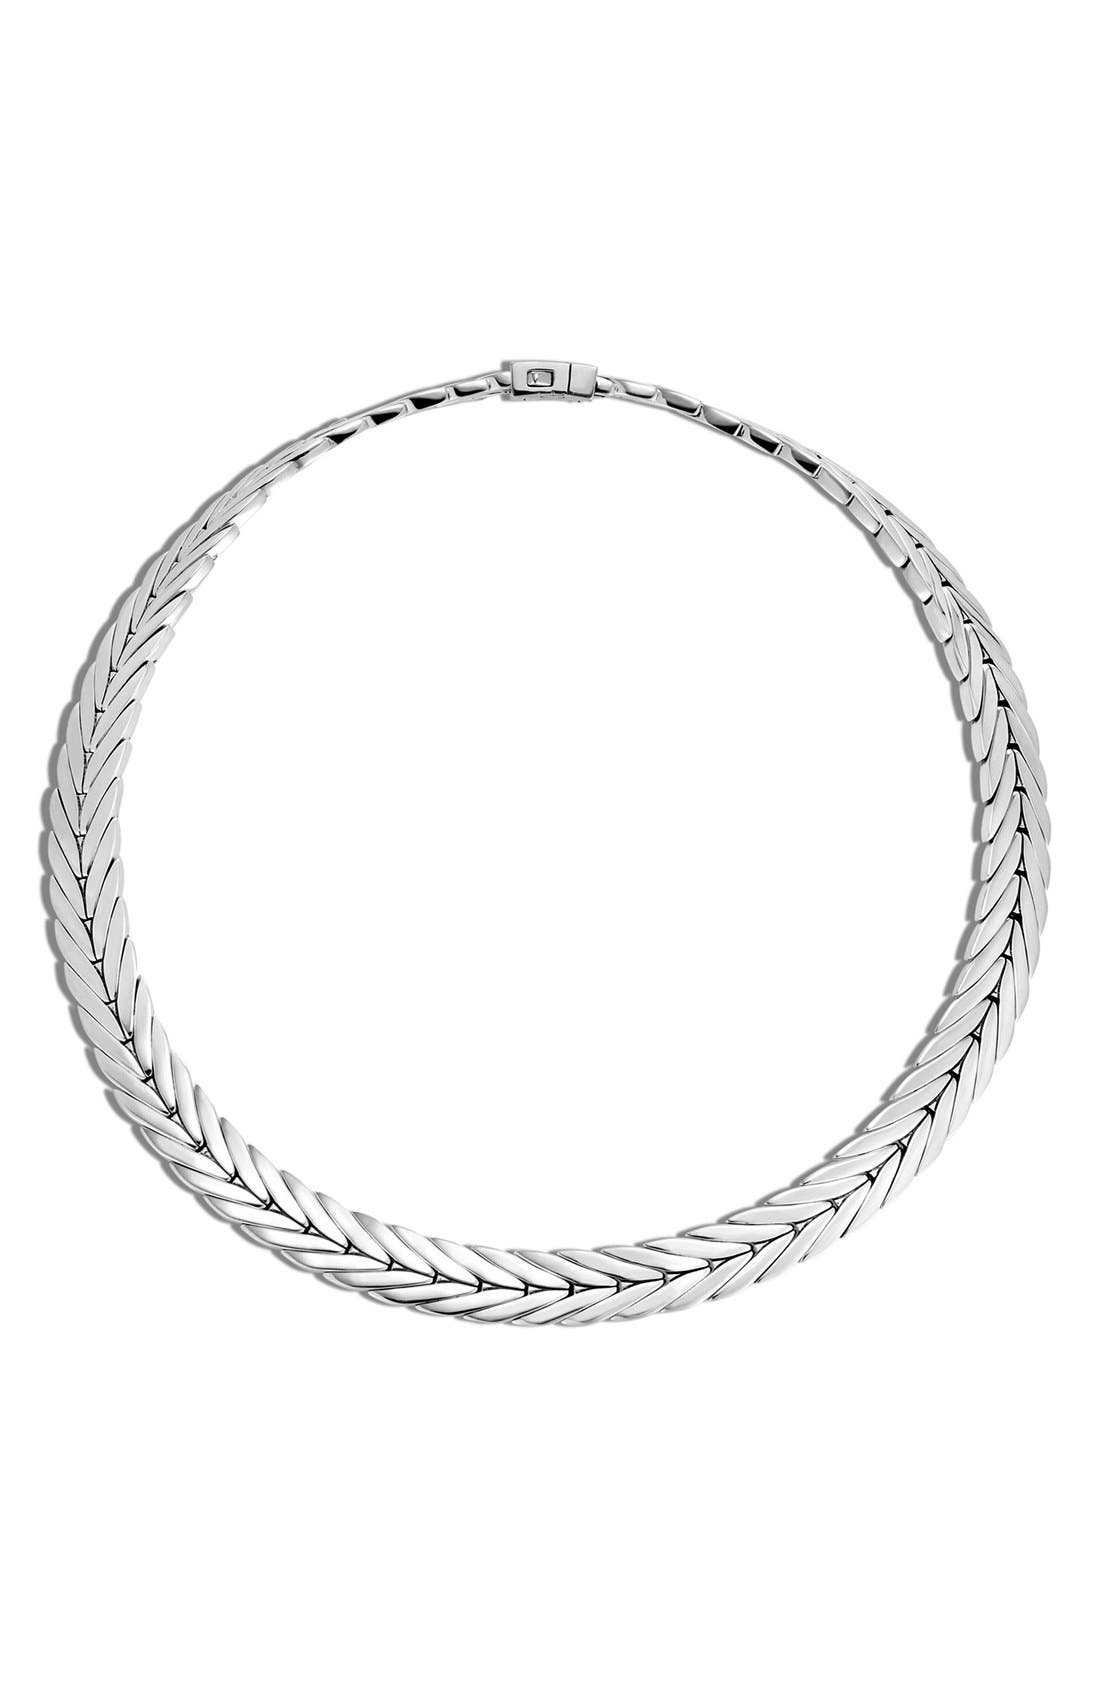 Main Image - John Hardy 'Classic Chain' Chain Collar Necklace
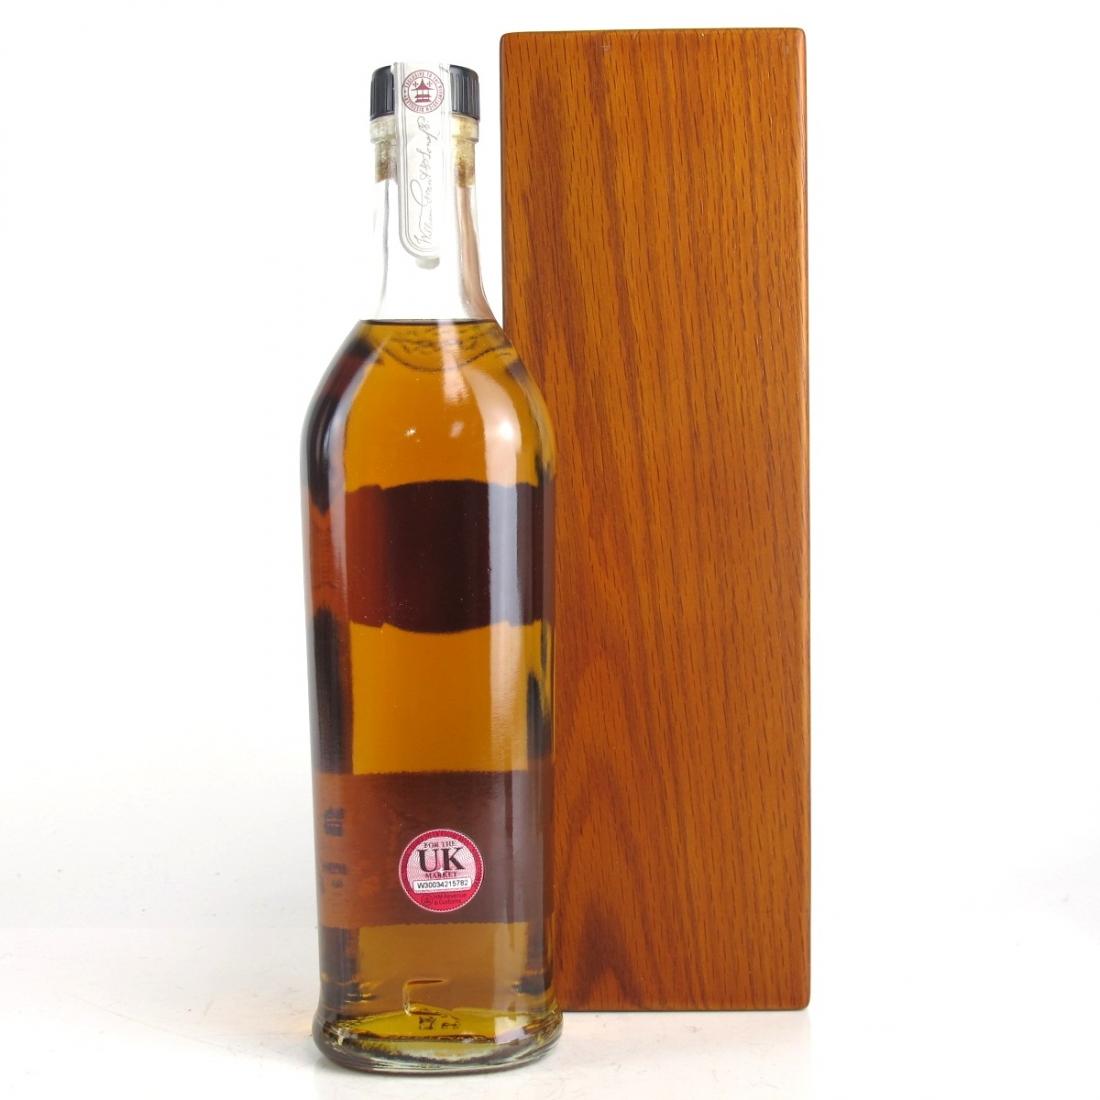 Glenfiddich 15 Year Old Hand Filled Batch #46 / Distillery Exclusive
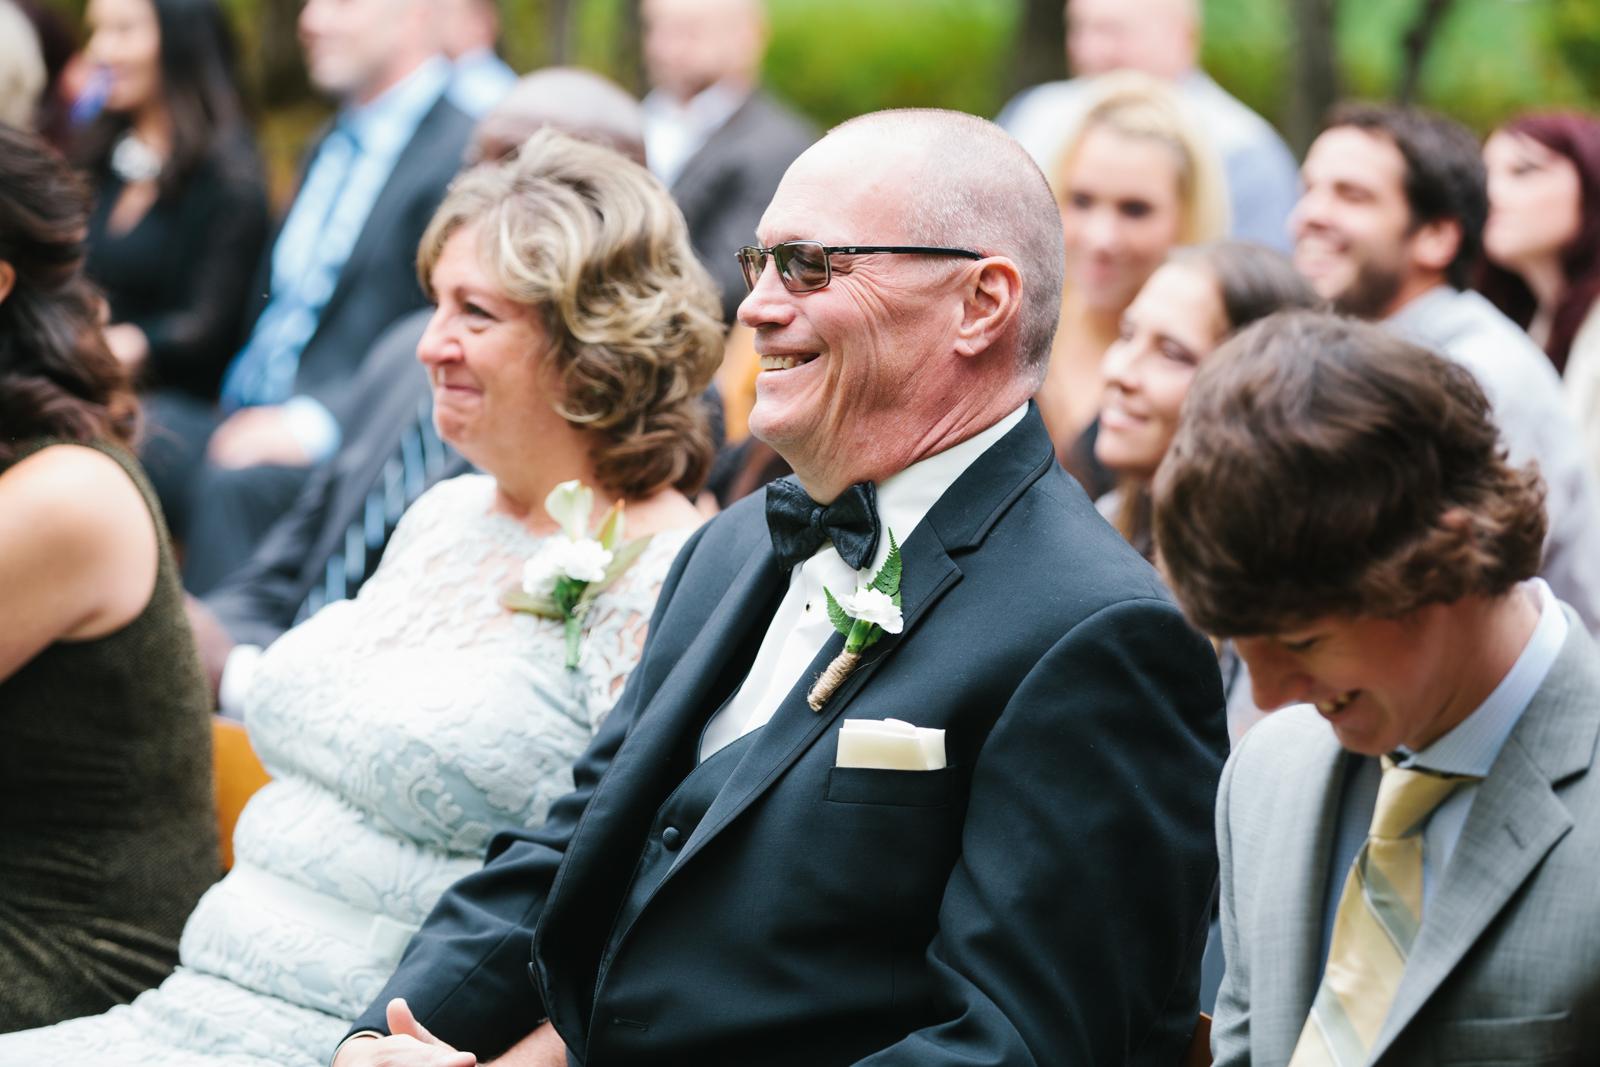 Glimmerstone-Mansion-Vermont-Wedding-Photography-Amanda-Morgan-61.jpg

## WHAT IS EXPECTED
Every line from the one with "Glenfiddich 15 Year" through the end of the material above should be restated word for word, with the pictures left out.

## SOLUTION BELOW
 Glenfiddich 15 Year Old Hand Filled Batch #46 / Distillery Exclusive
 Glimmerstone-Mansion-Vermont-Wedding-Photography-Amanda-Morgan-61.jpg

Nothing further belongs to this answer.